Sat, Apr 20, 2013 at 10:00 am
Sun, Apr 21, 2013 at 10:00 am
The Scandinavian Festival will have several new features including a children’s Olympics and performances by Norway’s Best Storyteller of 2011.
The annual festival highlighting the Nordic cultures will include music, dancing, food, lectures, demonstrations, vendors and activities for young and old. A Nordic church service will be held at 10:30 a.m. Sunday in Samuelson Chapel.
With a continued focus on providing affordable family fun, the 39-year-old festival will host the first Sven and Ole Olympics this year. Children can compete for Sven and Ole medals in several activities including a relay, three-legged race and troll trot.

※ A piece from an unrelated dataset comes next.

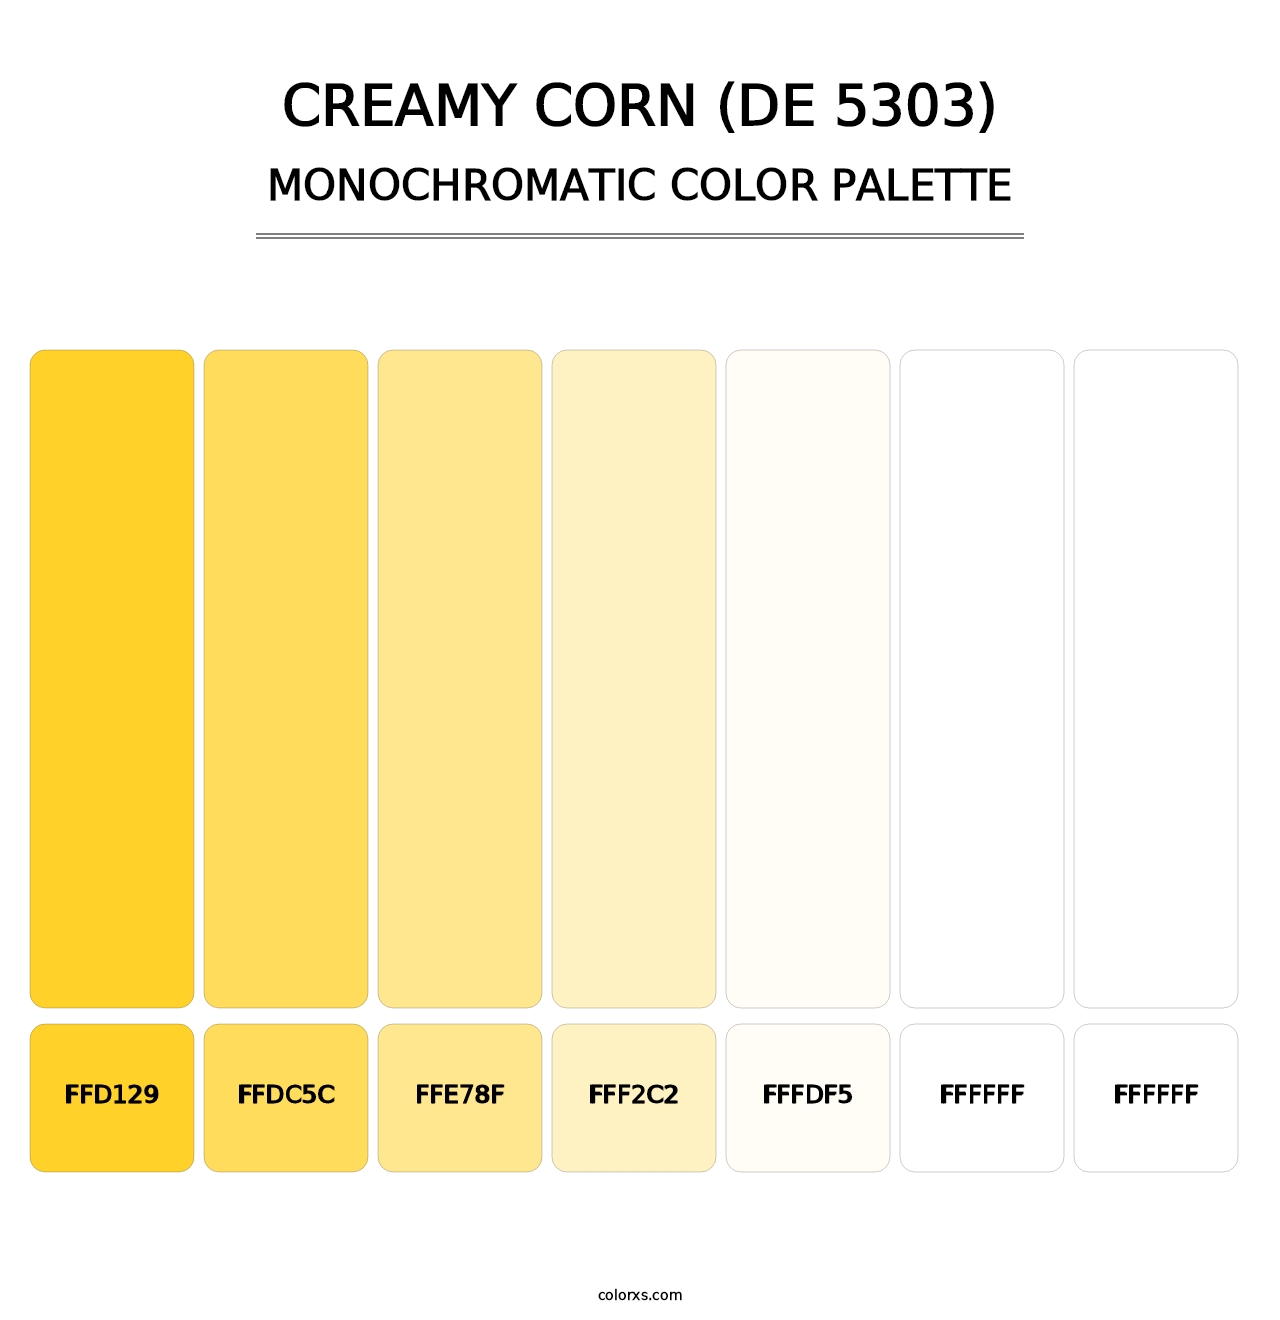 Creamy Corn (DE 5303) - Monochromatic Color Palette

Storytellers Stina Fagertun and Robert Seutter, aka True Thomas, are also new to the festival. Fagertun, a Saami woman who won Norway’s Best Storyteller award in 2011, lives in Tromos, one of the northern most cities in the world. She has been telling her tales and sharing the music and dancing of Arctic Norway not only in her native country but also in Canada and the United States for the past 10 years. Seutter, a Westlake Village resident whose science fiction novel “Brass Jack: Little Lost Princeling” was just released, will tell his “Men from the North” tales.

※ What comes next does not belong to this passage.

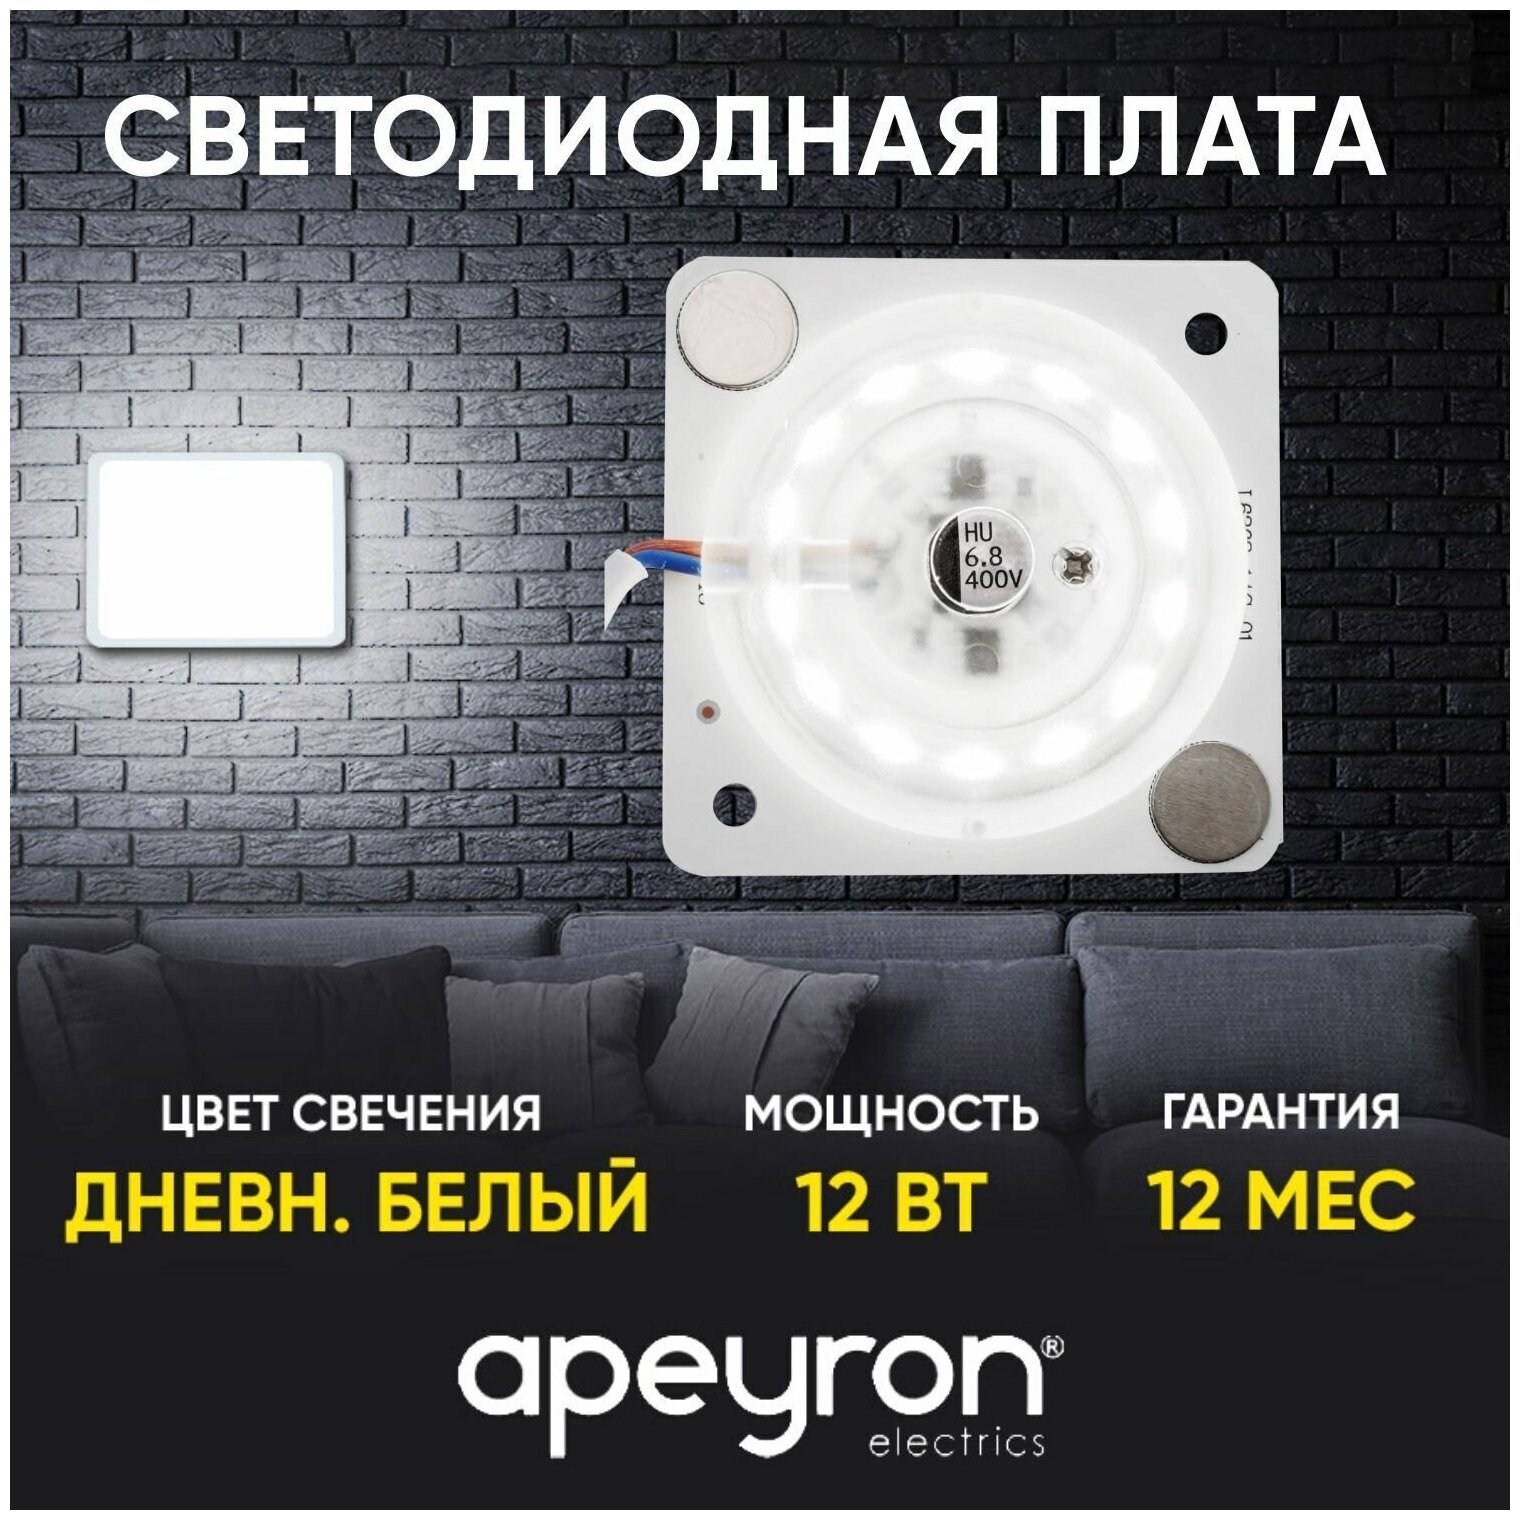 Плата светодиодная для интерьерного света Apeyron 02-13 мощностью 12 Ватт. Влагозащита IP20 цветовая температура 4000К световой поток 960Лм рабочее напряжение 220В размер 63х63 мм.

Another newcomer, Minnesota seamstress Sue Sutherland, will demonstrate bunad and folk dress sewing. Other craft demonstrations will include woodcarving, knitting, hardanger embroidery, weaving, Viking artifacts, rosemaling and bobbin lace.

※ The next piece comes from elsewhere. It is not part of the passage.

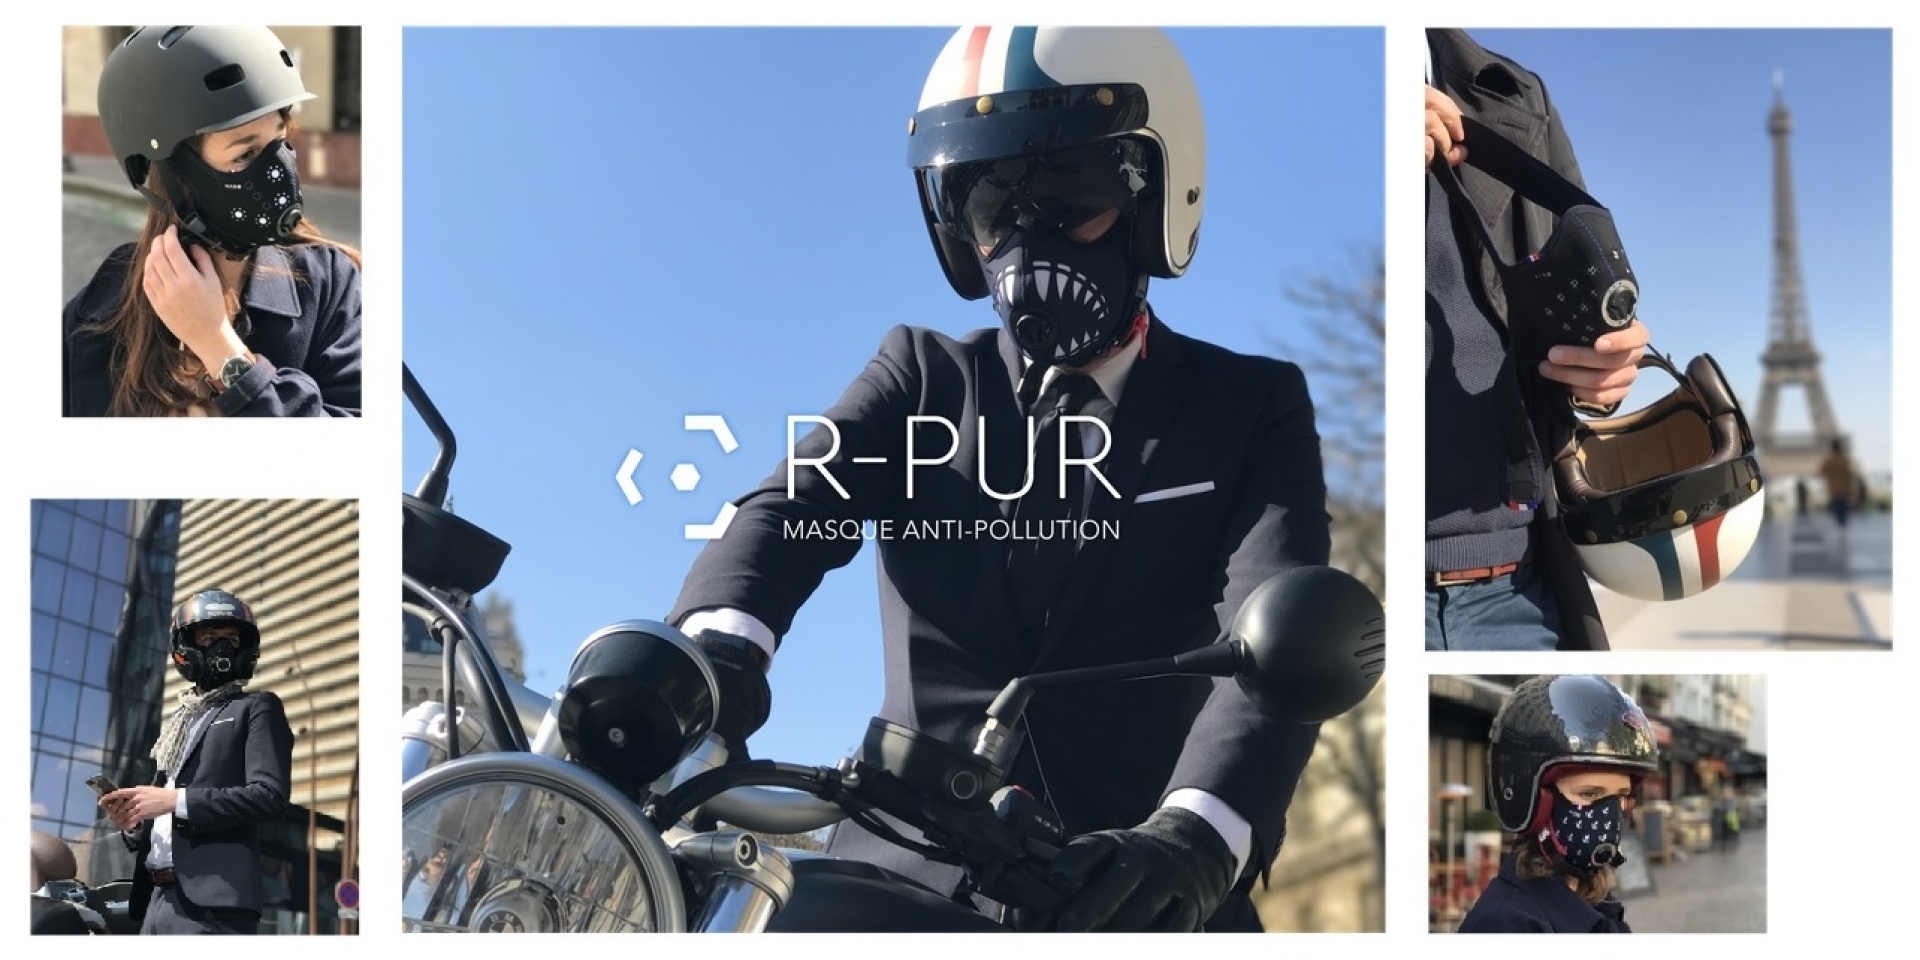 對抗空污的二輪通勤防護。法國R-PUR 騎士口罩

For the first time, musicians will gather for a stämma, playing together informally, on April 20. Returning to the festival will be the ABBA Girlz Band from New York. They will perform twice daily backed up by former professional singers Aleta and Sonya Buckelew from Thousand Oaks. Also performing will be the Skol-Olle Band, a combination of two well-known Minnesota Scandinavian bands.
Food booths will offer Scandinavian fare such as Viking dogs, lefse and aebleskivers. Cooks will demonstrate how to make the delicacies.
Festivalgoers can try their hand at Dala horse croquet, play an ancient Viking game called kubb and visit a Viking village and Saami sliddastallan (community gathering). Crafts for children will include sanding butter knives and decorating head wreaths.
Admission is $8 for ages 12 to adult and $1 for children 4-11. Hours are 10 a.m. to 5 p.m. Saturday; 10 a.m. to 4 p.m. Sunday.